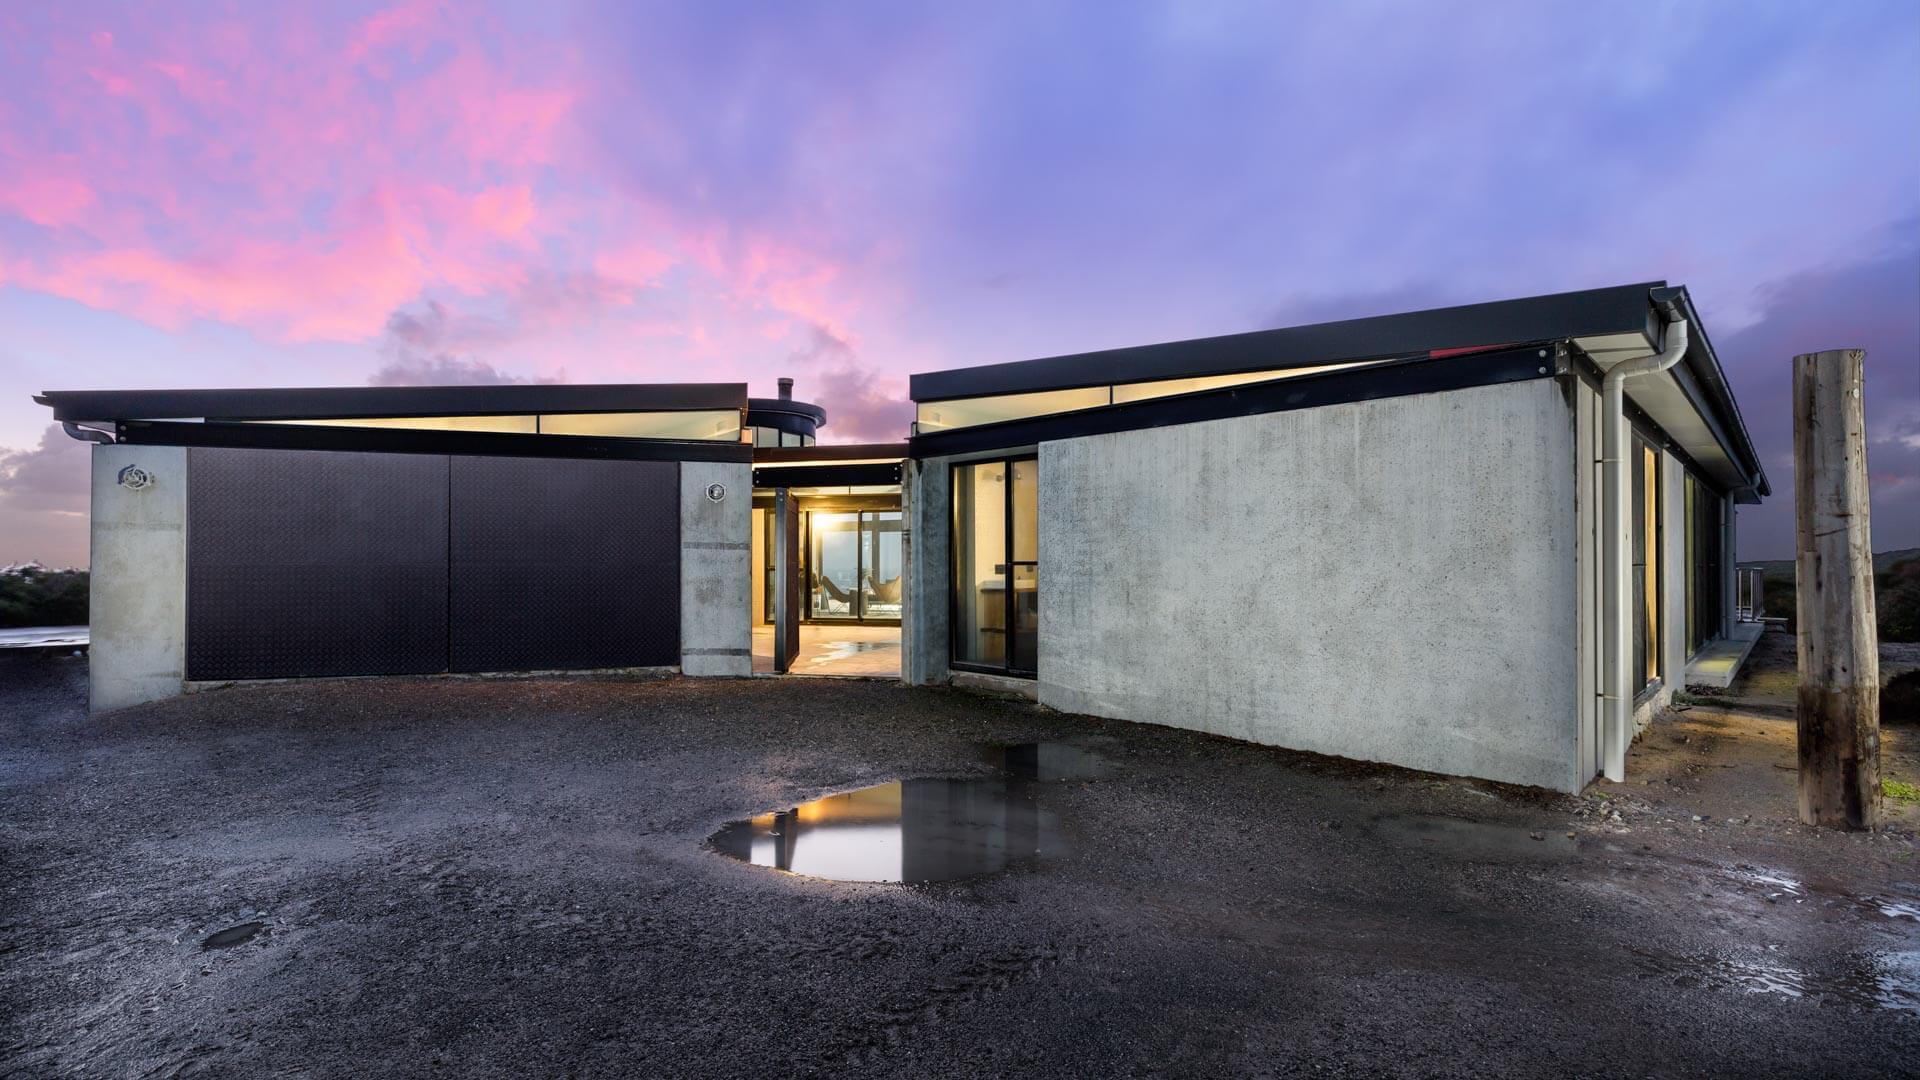 rtp-architectural-photography-cape-liptrap-off-the-grid-house
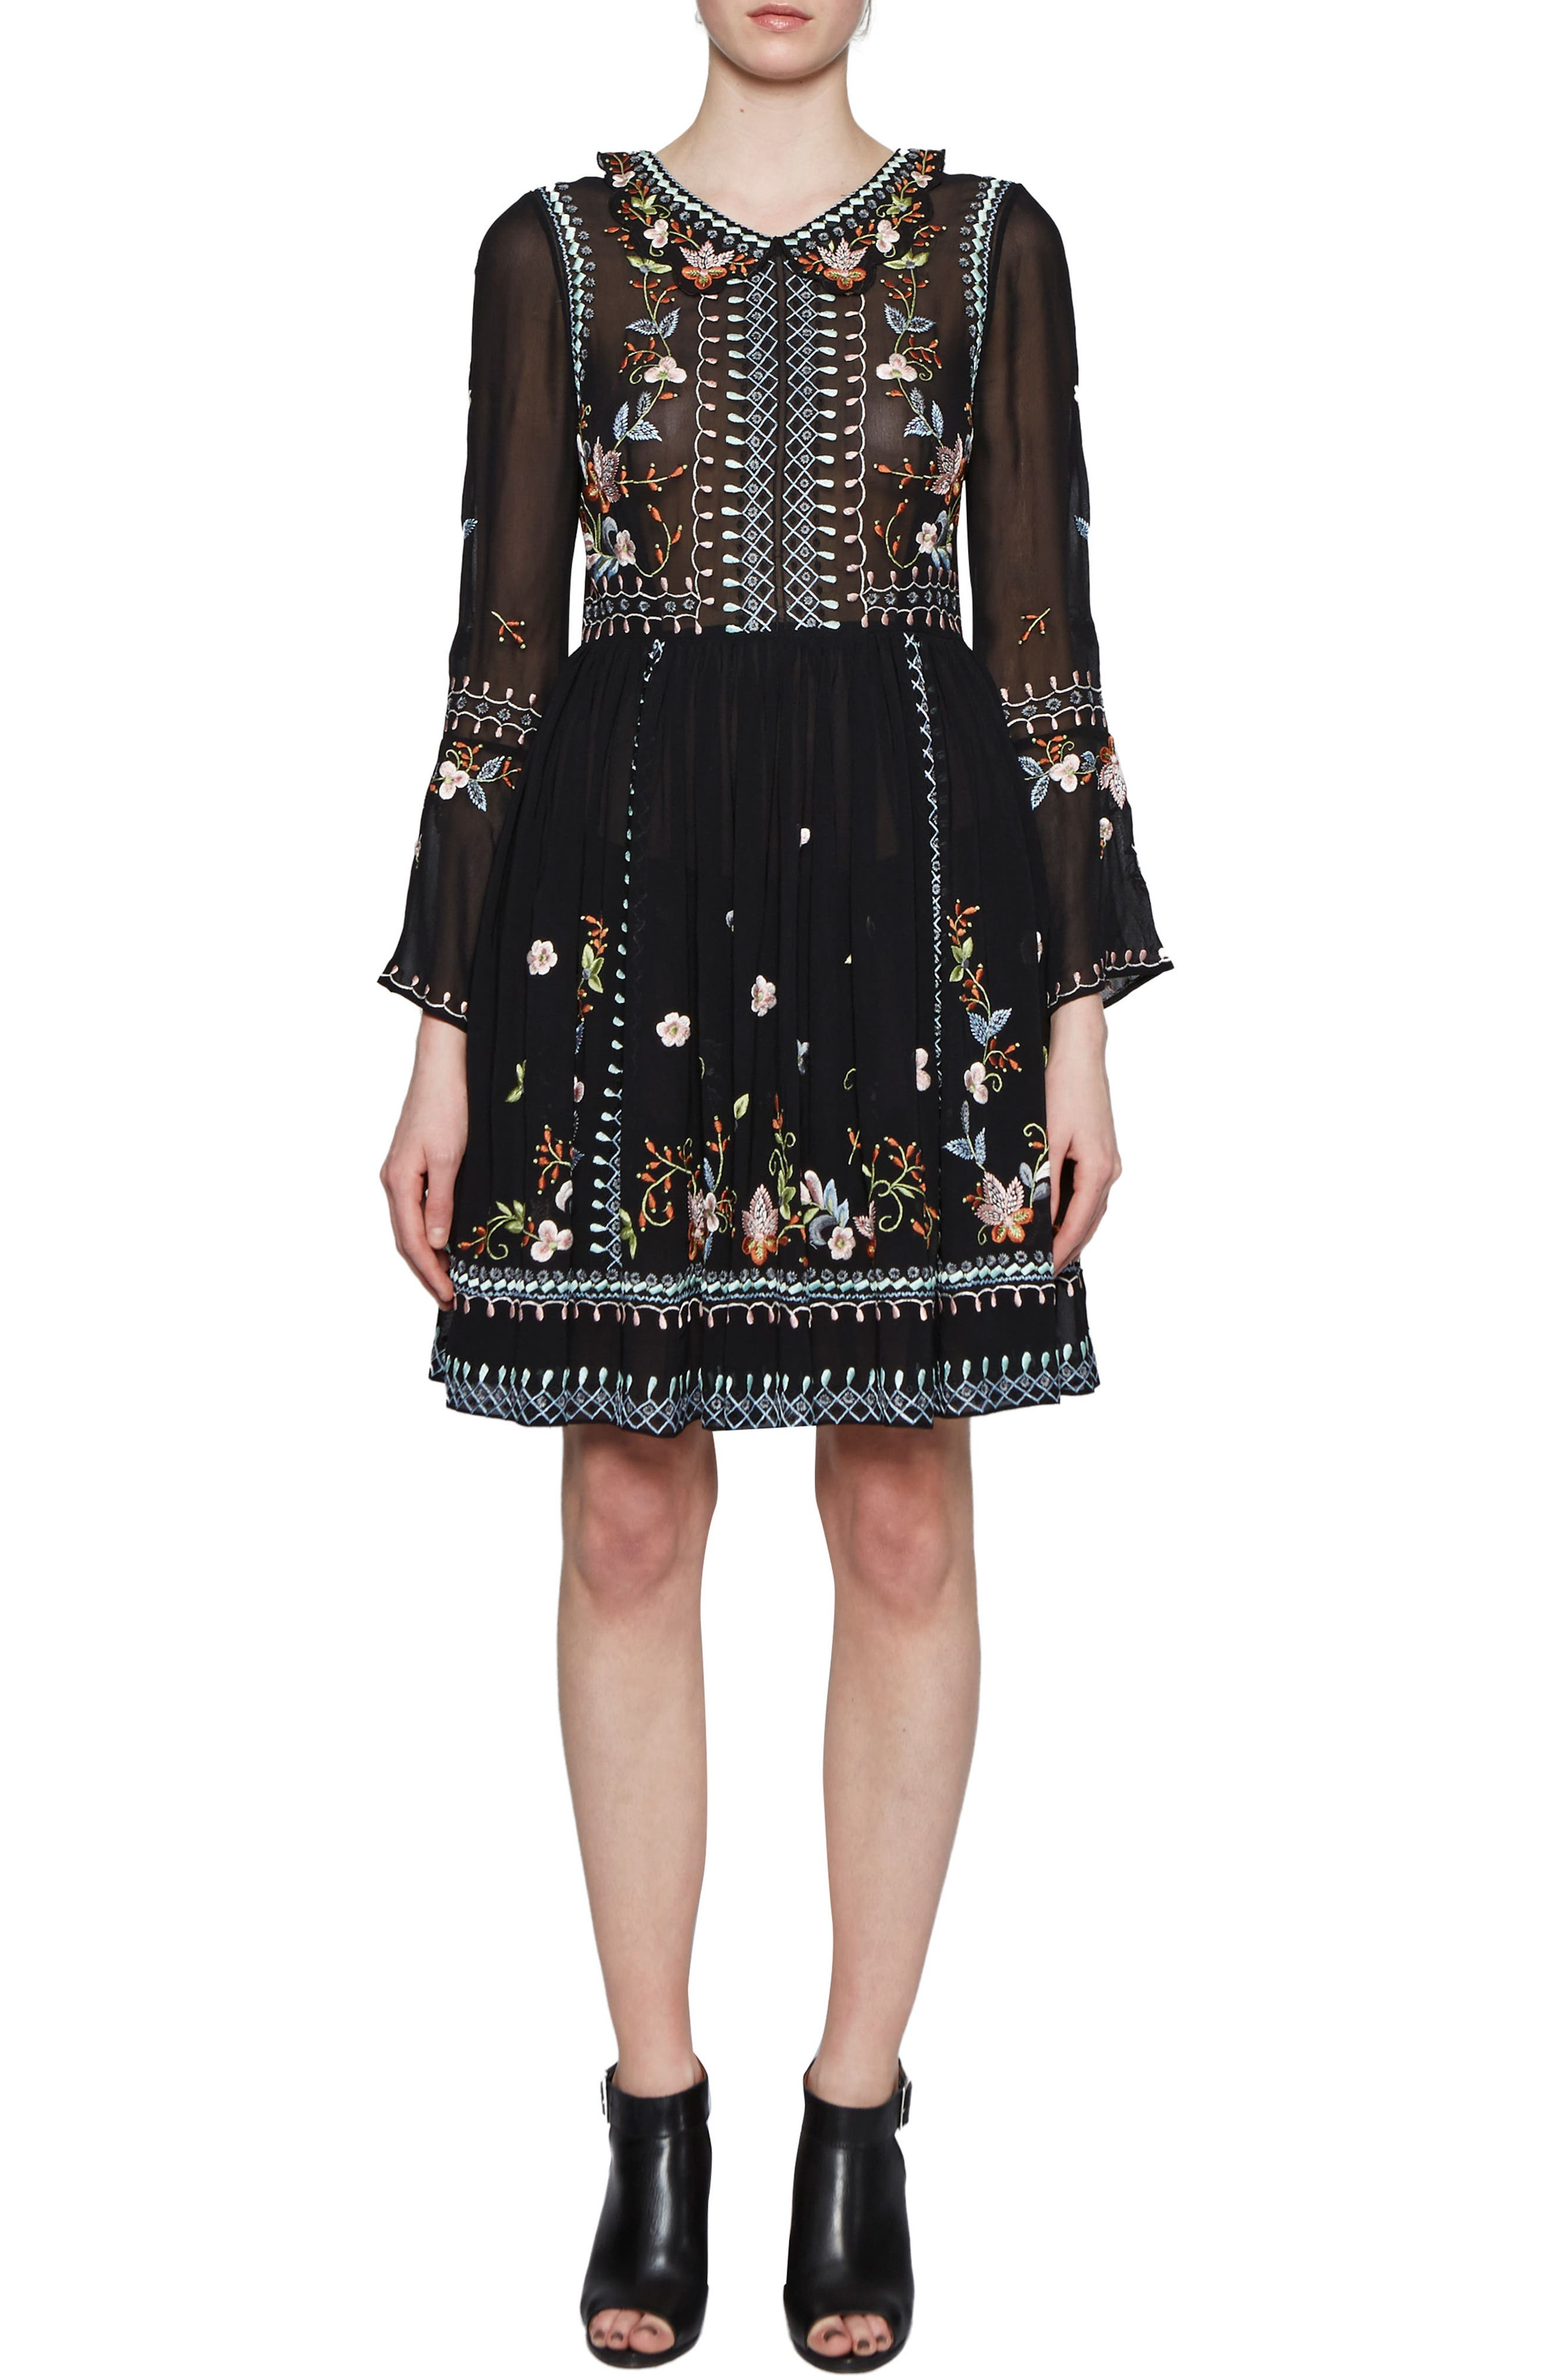 FRENCH CONNECTION Bijou Stitch A-Line Dress, Main, color, 007
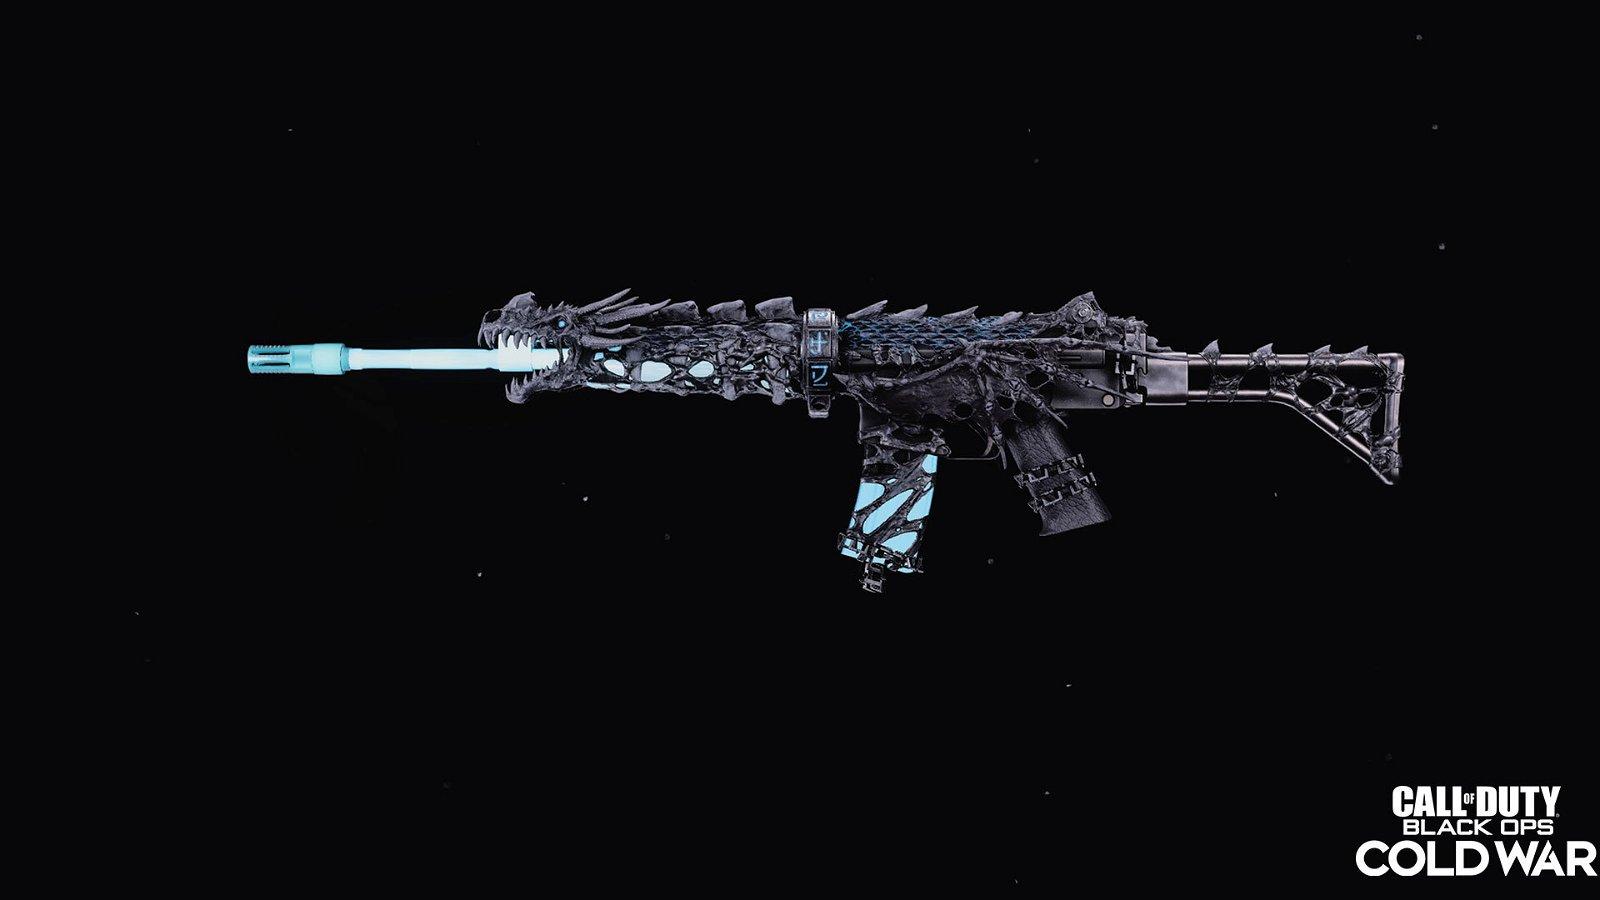 Call Of Duty: Black Ops Cold War Blueprints

> [EXERCISE DESCRIPTION]
Except for the pictures, please retype the listing above exactly.

> [RESULT]
 rtp-architectural-photography-cape-liptrap-off-the-grid-house
 FRENCH CONNECTION Bijou Stitch A-Line Dress, Main, color, 007
 Call Of Duty: Black Ops Cold War Blueprints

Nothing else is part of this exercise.